訪問団に加わっていた中では身分的には1番高いはずのヘンリエッタお姉様は、一度も引退を口にされませんでした。
事件後も聖教会に残られた方々と一緒に、グルノー皇国内各地を巡りながら聖女の癒しを行っておられるようです。
次が5番目の私。第四皇女のルイーズ。現在17歳。
私の近況は、また別の機会に。
最後が6番目、第二皇子のジョルジュ14歳。
ジョルジュはお父様から15歳になり次第、ラファエルお兄様と同じく、ハーランド王国の王立学院に2年間留学する許可を獲得しました。
むーん。本当に羨ましいわ。
出発は1年後。それまでにラファエルお兄様と一緒に運営している商会を、今の倍以上に大きくするつもりだと息巻いています。
そのためには新商品が必要なのよね……。
それってつまり、頑張らなきゃならないのは、ジョルジュよりも私ってことにならないかしら?
兄弟姉妹の近況に関しては以上です!
お祖父様とお祖母様の話は……特に今回も変わったことは無いですね。
お二人とも相変わらず仲良く旅に出たりしながら楽しくお過ごしのようです。
大聖女マリアンヌ伯母上様も相変わらず精力的にご活躍のようです。
お終いは、リスカリス王国の王弟シャール殿下に嫁がれたグレーテ叔母上様。
グレーテ様がリスカリス王国へ向かわれてから、早いものでもうすぐ5年になります。
グレーテ様は、グルノー皇国で聖女として過ごしていらした時よりも、リスカリス王国での生活の方が断然水が合うようですよ。

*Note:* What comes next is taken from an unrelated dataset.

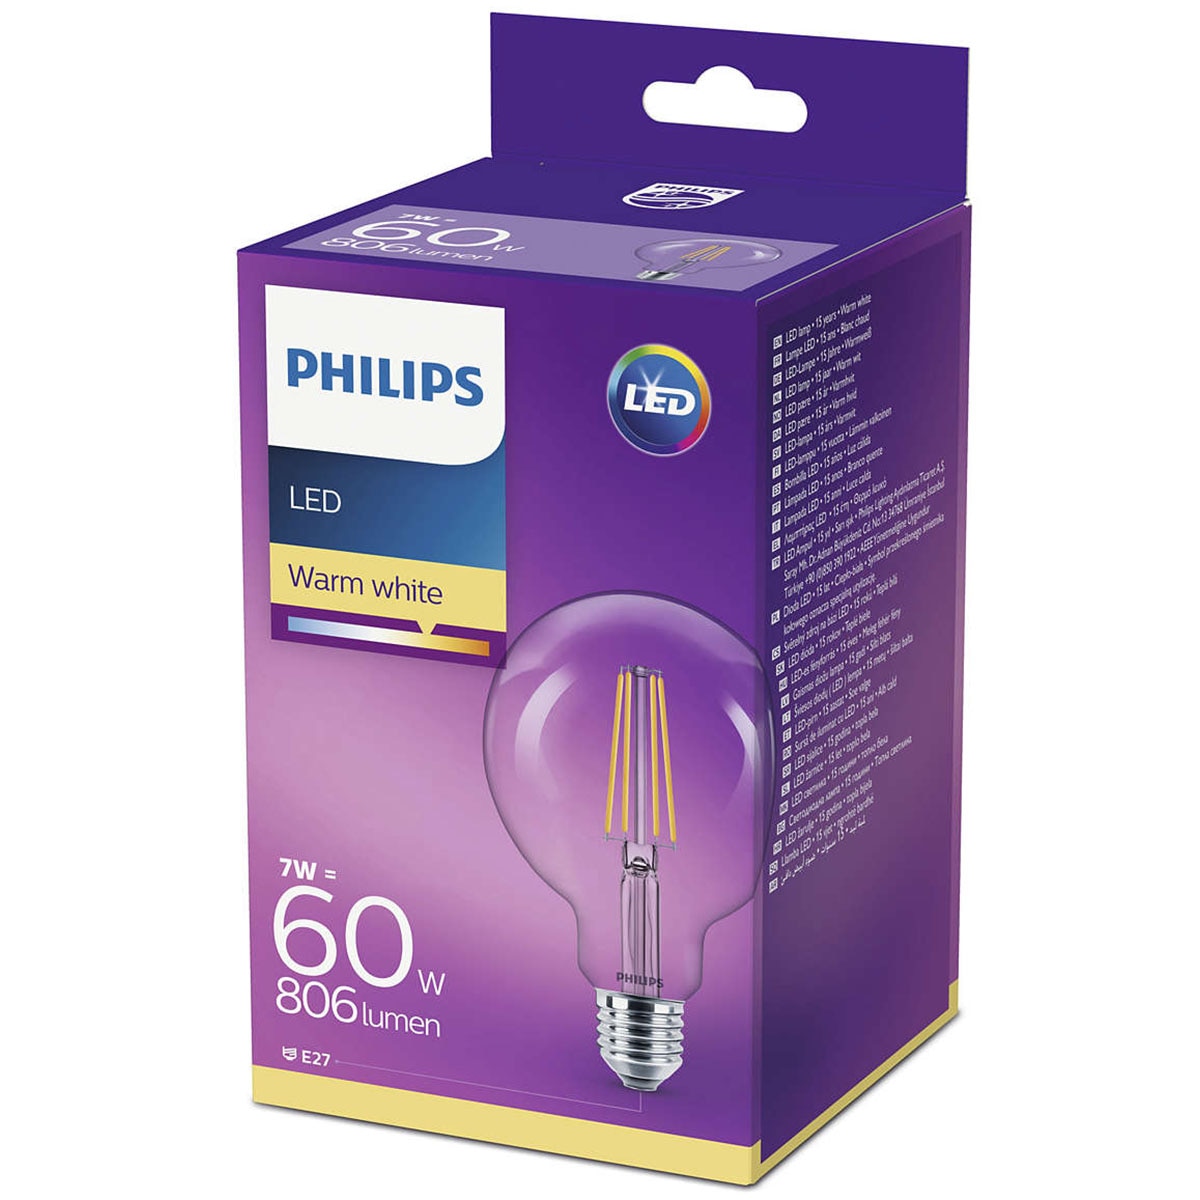 Светодиодная лампа Philips Classic e27 2700 к 806 лм. Лампа светодиодная Philips LEDCLASSIC 3000k, e27, g93, 6вт. Philips Global. Philips 2x led warm White 2700k 8w= 60w Philips Philips 806 Lumens. Филипс 60 отзывы

ラファエルお兄様とジョルジュが運営する商会と取り引きをするために、王弟妃でありながら、自ら商会を立ち上げたとの話をお父様から伺った時には驚きましたが、とてもグレーテ様らしいとも思います。
王弟妃という立場を上手に利用しながら、グレーテ様はリスカリス王国の高位貴族のご婦人を中心にかなりの顧客を得ているようで、売り上げ額がもの凄いことになっていると、ジョルジュが狂喜乱舞していましたから。